DIRECTIONS FOR THIS TASK:
From the records below, print only the part that opens with the line containing "Kitcheniva Metal Ring" and closes with the line containing "Frau liegt lächelnd"; omit the pictures.

RECORDS FOR THE EXERCISE:
*** Begin section ***
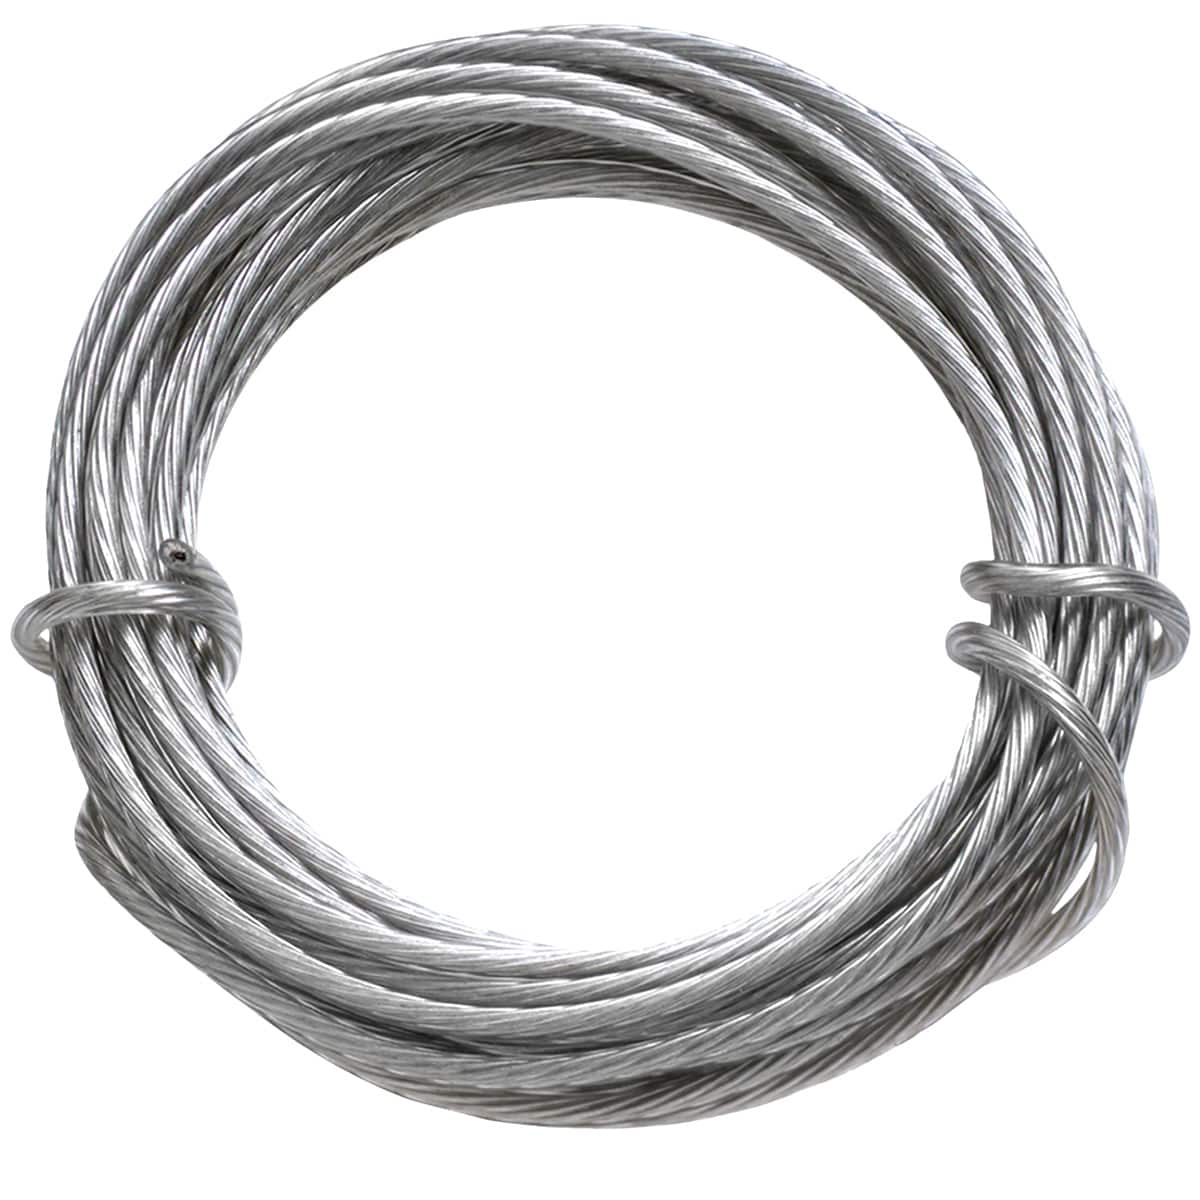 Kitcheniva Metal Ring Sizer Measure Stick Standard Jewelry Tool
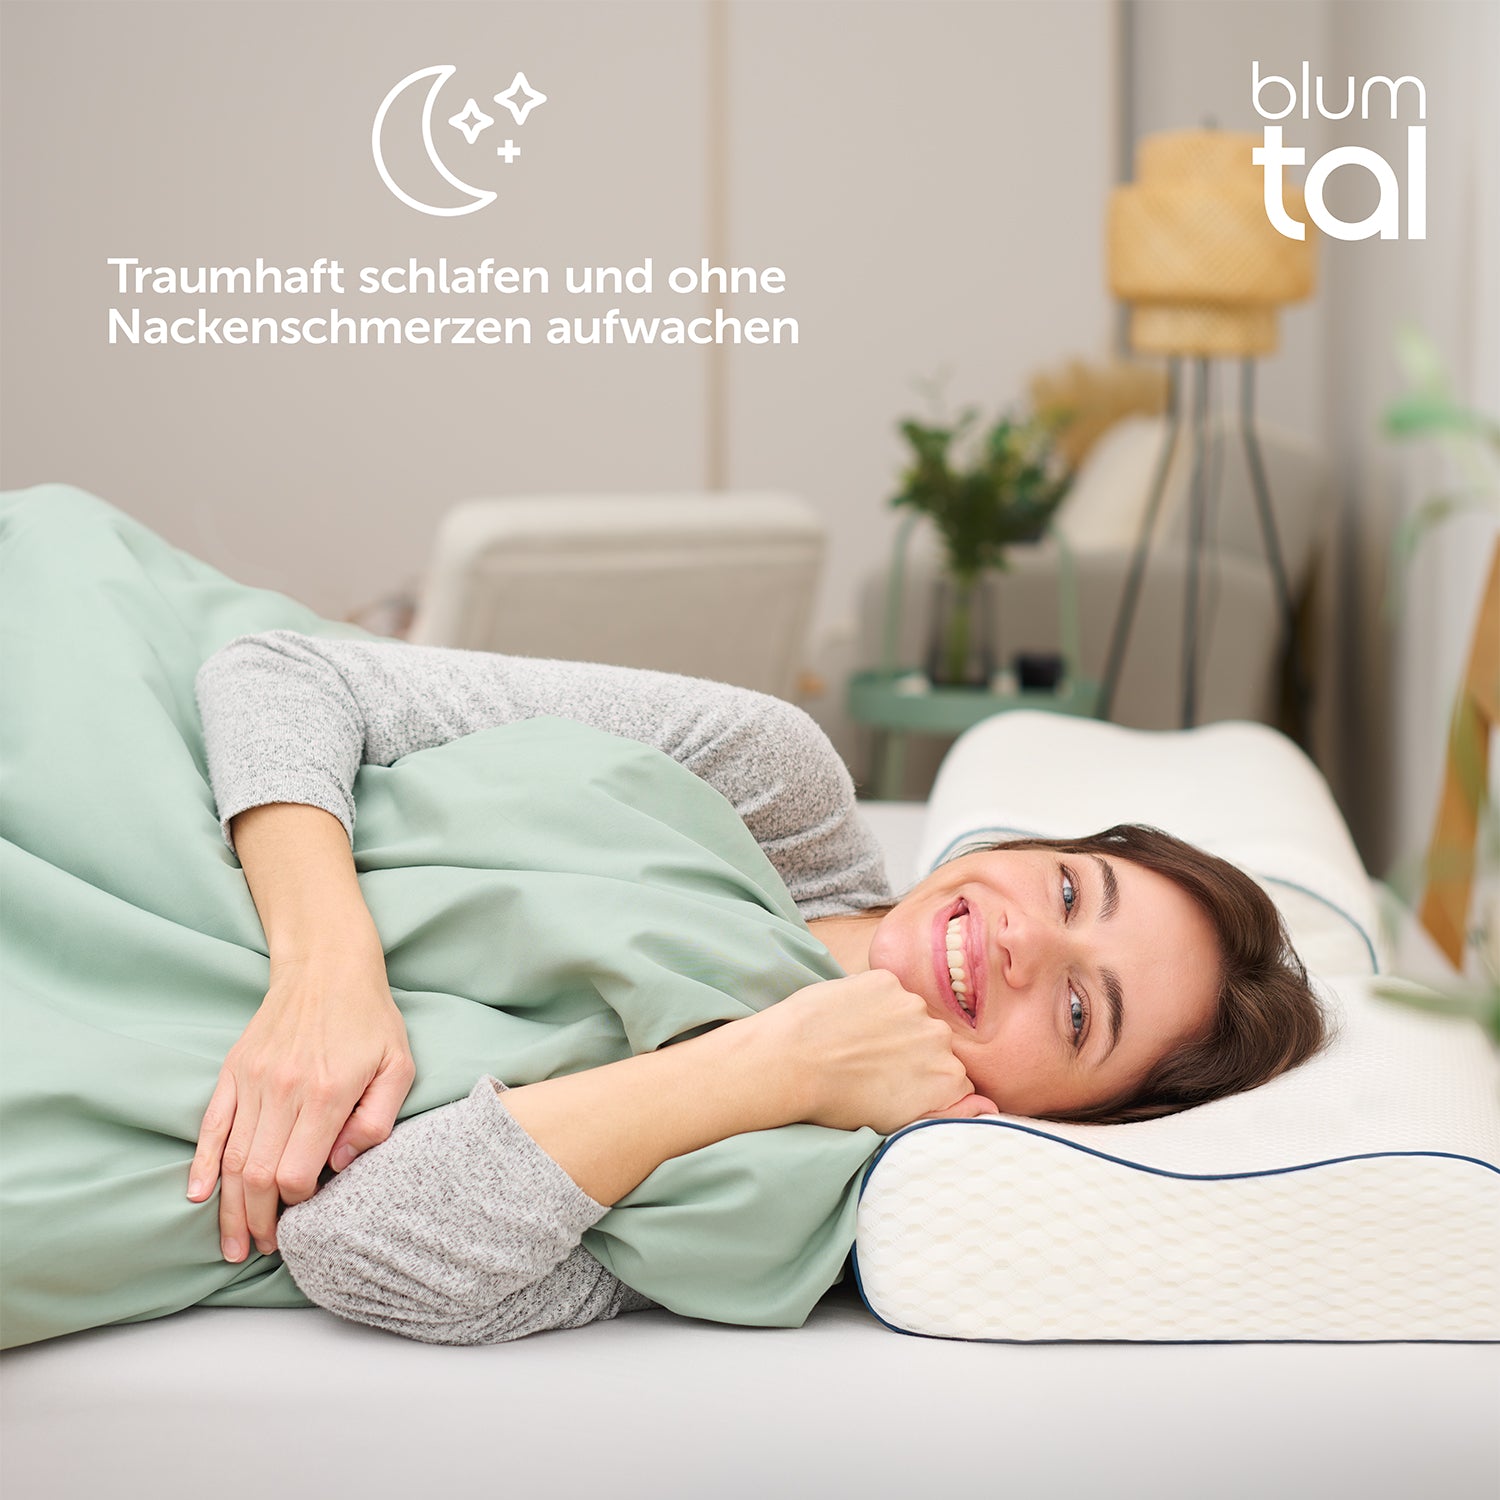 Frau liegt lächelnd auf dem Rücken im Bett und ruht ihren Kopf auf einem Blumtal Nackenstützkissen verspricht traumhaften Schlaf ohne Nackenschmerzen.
*** End section ***
*** Begin section ***
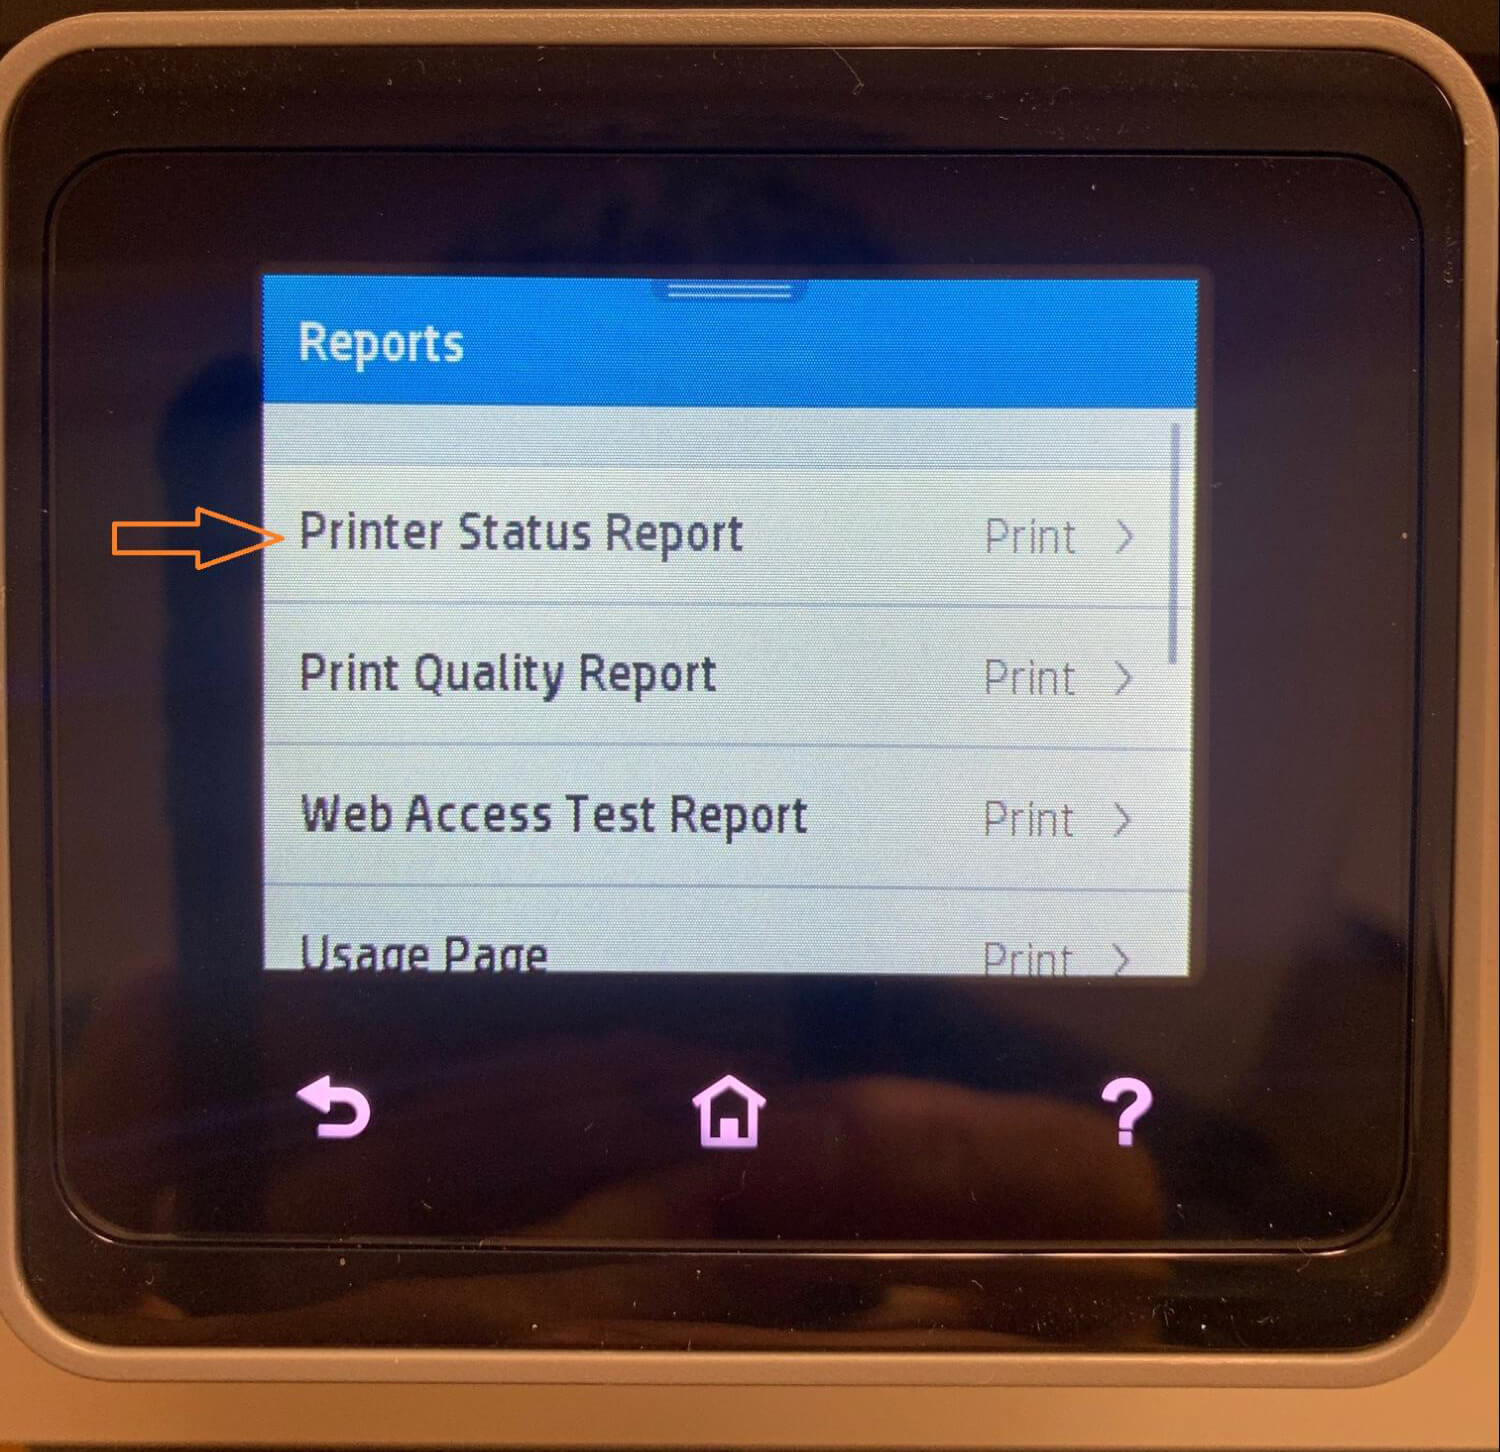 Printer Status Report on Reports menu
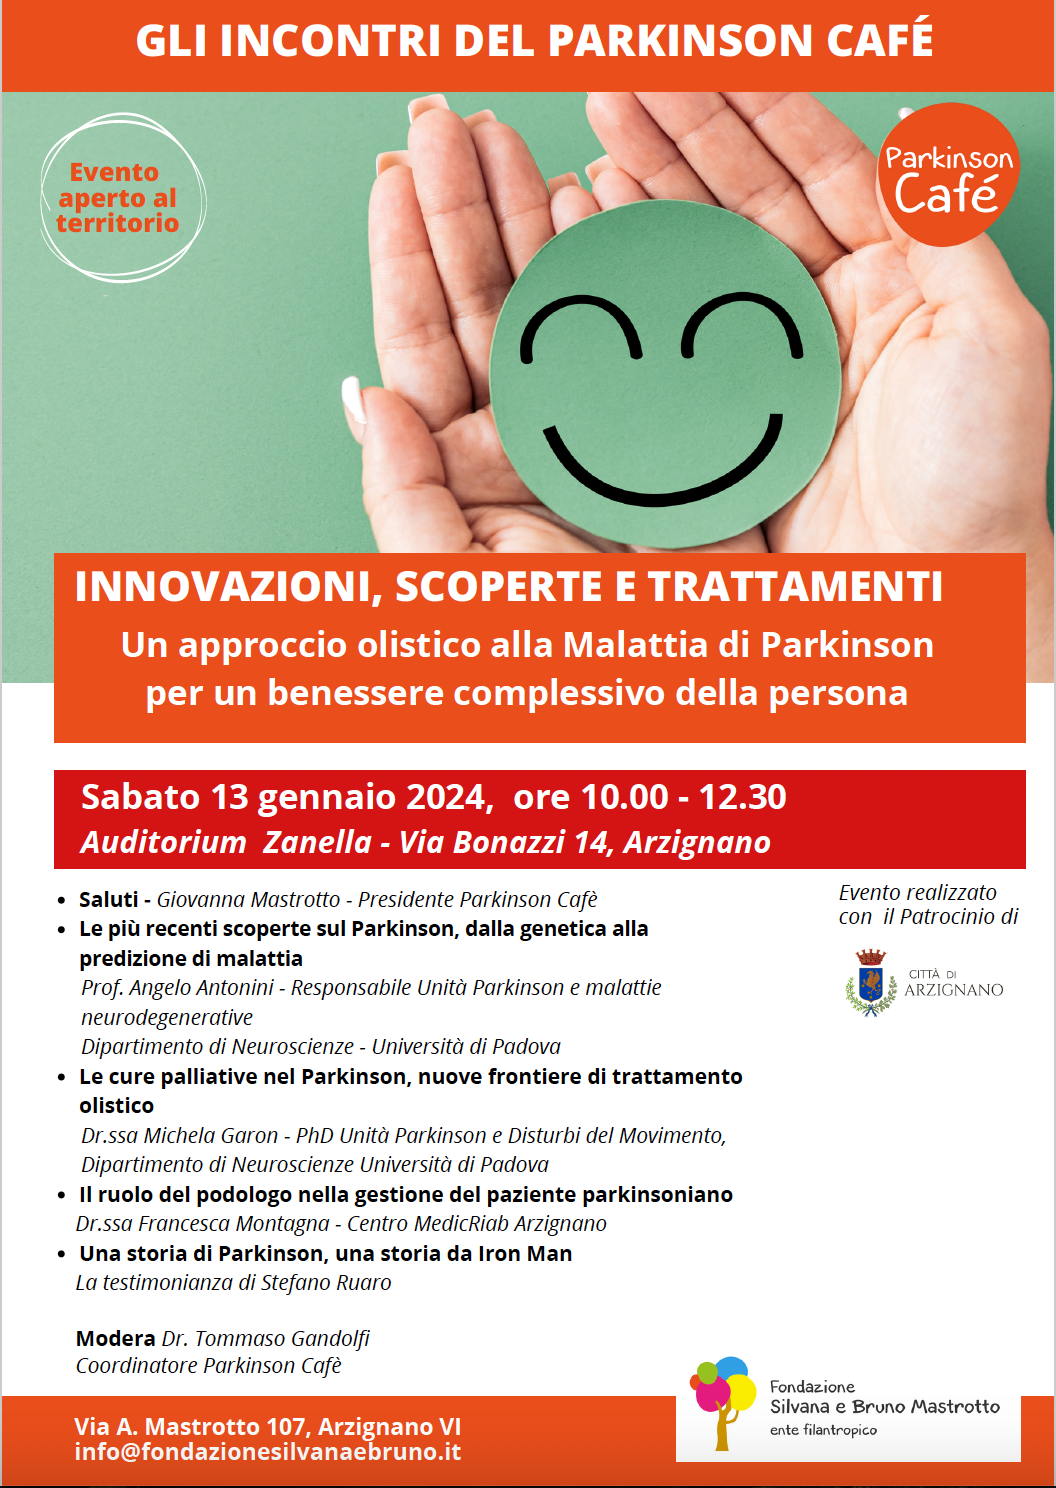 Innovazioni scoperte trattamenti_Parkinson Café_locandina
*** End section ***
*** Begin section ***
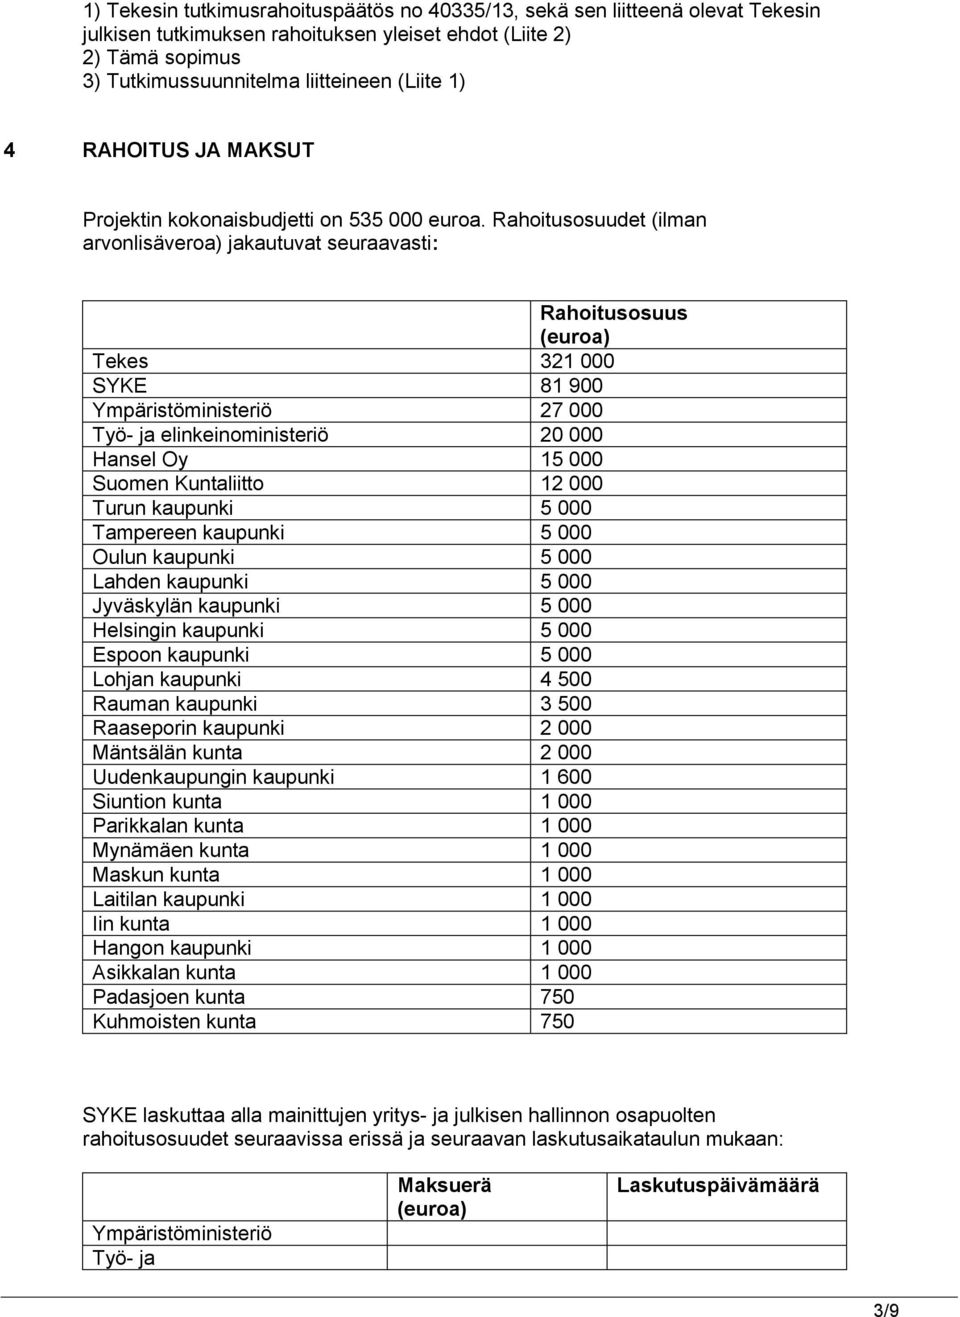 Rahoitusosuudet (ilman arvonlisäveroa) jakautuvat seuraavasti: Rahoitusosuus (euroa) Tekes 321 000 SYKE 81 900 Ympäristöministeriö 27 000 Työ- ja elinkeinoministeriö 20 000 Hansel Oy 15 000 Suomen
*** End section ***
SOLUTION TO THE EXERCISE:
 Kitcheniva Metal Ring Sizer Measure Stick Standard Jewelry Tool
 Frau liegt lächelnd auf dem Rücken im Bett und ruht ihren Kopf auf einem Blumtal Nackenstützkissen verspricht traumhaften Schlaf ohne Nackenschmerzen.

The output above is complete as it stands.